Ты не позволяешь, никогда не позволяла любить себя за расхожие черты. Тебе нужно ежесекундное подтверждение собственной исключительности в чужих глазах., того, что тебя любят именно за тебя, а не за черт знает что. Тебе опостылела твоя оболочка, она сбивает их с толку, тебе приходиться выискивать эту любовь, как затерянное сокровище, фильтровать ее. Где-то в этих постановках ты начинаешь слишком входить в роль, ты слишком перегружаешь себя собой, ты начинаешь подражать себе, лепишь безумно гротескную маску, преумножая свои нежные черты, чтобы они были различимы даже в темноте, даже за пару километров отсюда. Как-то незаметно ты впускаешь в себя много лишнего, чтобы тебя могли различать в этой феерии сторонних потоков и вытаскивать на поверхность. Ах, пожалуйста, охлади свой пыл, люди при всей слепоте не так слепы, как кажется, особенно те, на кого обращен твой взор. А ты не останавливаешься, ты переигрываешь. Ты не можешь позволить им любить в себе то, что они полюбили однажды, пусть даже тонкое запястье или манеру пускать дым. Ты не можешь позволить этого даже себе.

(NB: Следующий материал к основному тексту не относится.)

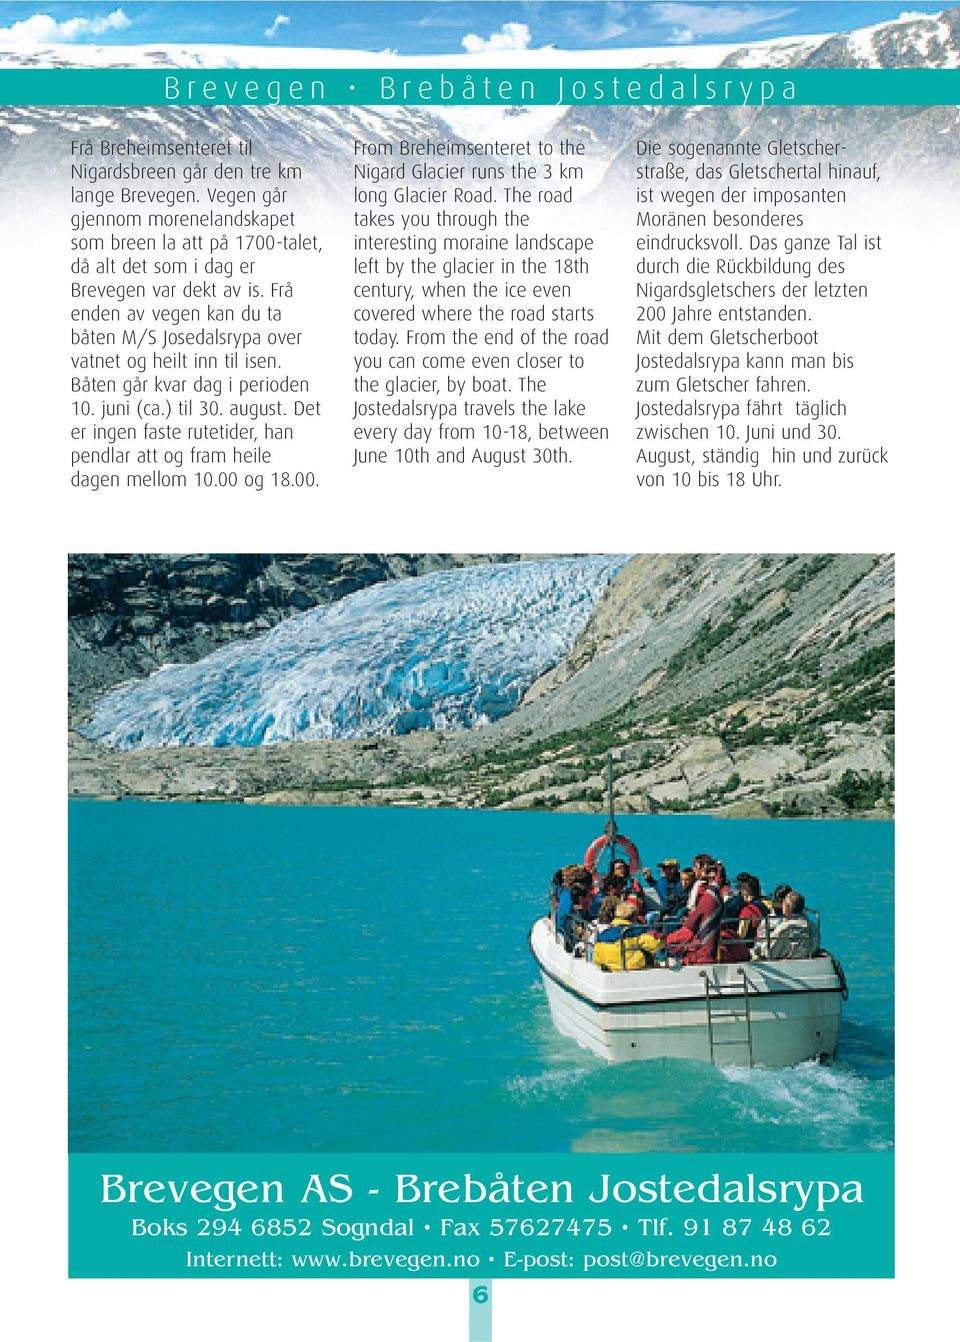 Frå enden av vegen kan du ta båten M/S Josedalsrypa over vatnet og heilt inn til isen. Båten går kvar dag i perioden 10. juni (ca.) til 30. august.

Все всегда очевидно, с самого начала, поэтому я и не хочу вставать по утрам. Даже когда мы остались ночью на закрытой заправке с одним единственным тускло оранжевым фонарем, в чужом городе. Идти было некуда. Он ходил и кричал что-то, размахивая руками, а я смотрела на черные треугольники крыш с косыми струйками дыма на фоне ультрамаринового неба. Последняя электричка ушла на глазах, но мы все равно зачем-то залезли на платформу. Я стояла на самом краю, лицом к обрыву, слева были рельсы, справа забор. Он стоял сзади и не разрешал развернуться, сказал что сейчас у меня есть несколько путей. Я бывала с ним изредка, чтобы его вдохновлять. Нет, думала я позже, он недостаточно меня любил, если дело кончилось так скучно, так прозаически, холодной привокзальной площадью и запекшейся кровью на платке, утром в травме и тупой головной болью, если он сразу там меня не убил. Наверное, я была бы ему благодарна.


  Когда уходит человек, в нем остается слишком много тебя. То, что не отпускает после расставания  -  это ты, ты видишь себя в каждом слове, каждый взгляд о тебе, каждый жест о тебе, ты завуалирована от посторонних глаз, но ты чуешь себя на расстоянии, как неосторожно брошенные ядовитые споры, как айсберг, заполнивший каждый миллиметр душевного пространства и тебя не обойти, не выдохнуть. Ты распускаешься кроваво-красным маковым страданием внутри. То, что люди могут копить годами, отражение себя в другом человеке, в конце концов оказывается для них высшей формой любви, самоцелью, еще одним ужасным обманом, еще одним способом любить себя.

2. Отношения это эфемер, есть отношения двух душ. Все остальное навязано материальностью, вся эта статусность и взаимные обязательства, никому не под силу порвать связи, изменить  русло, это непреодолимо. Вы можете закрыть глаза, но не сердце. Человеку можно простить все, кроме отсутствия, но что если и физическое отсутствие ничего не означает?

Я обвиняю людей в непроницательности. Все люди ходят с вакциной внутри. Каждый человек остается в тебе незримо, кровь и плоть в атомарных количествах в тебе навсегда- это вакцина от твоих прошлых ошибок, гарантия того что ты не повторишь их в будущем. Знание, приходящее вместе с человеком вкупе с памятью о нем- напиток жидкого золота, физраствор, разжижающий твою кровь. Невозможно скучать по человеку, можно скучать по  упущенному времени, которого кто-то вас лишил,  по недостатку этой вакцины в крови. Ночью, лежа в постели, посмотри как мерцает твоя кожа в лунном свете, это от того что там, под ней.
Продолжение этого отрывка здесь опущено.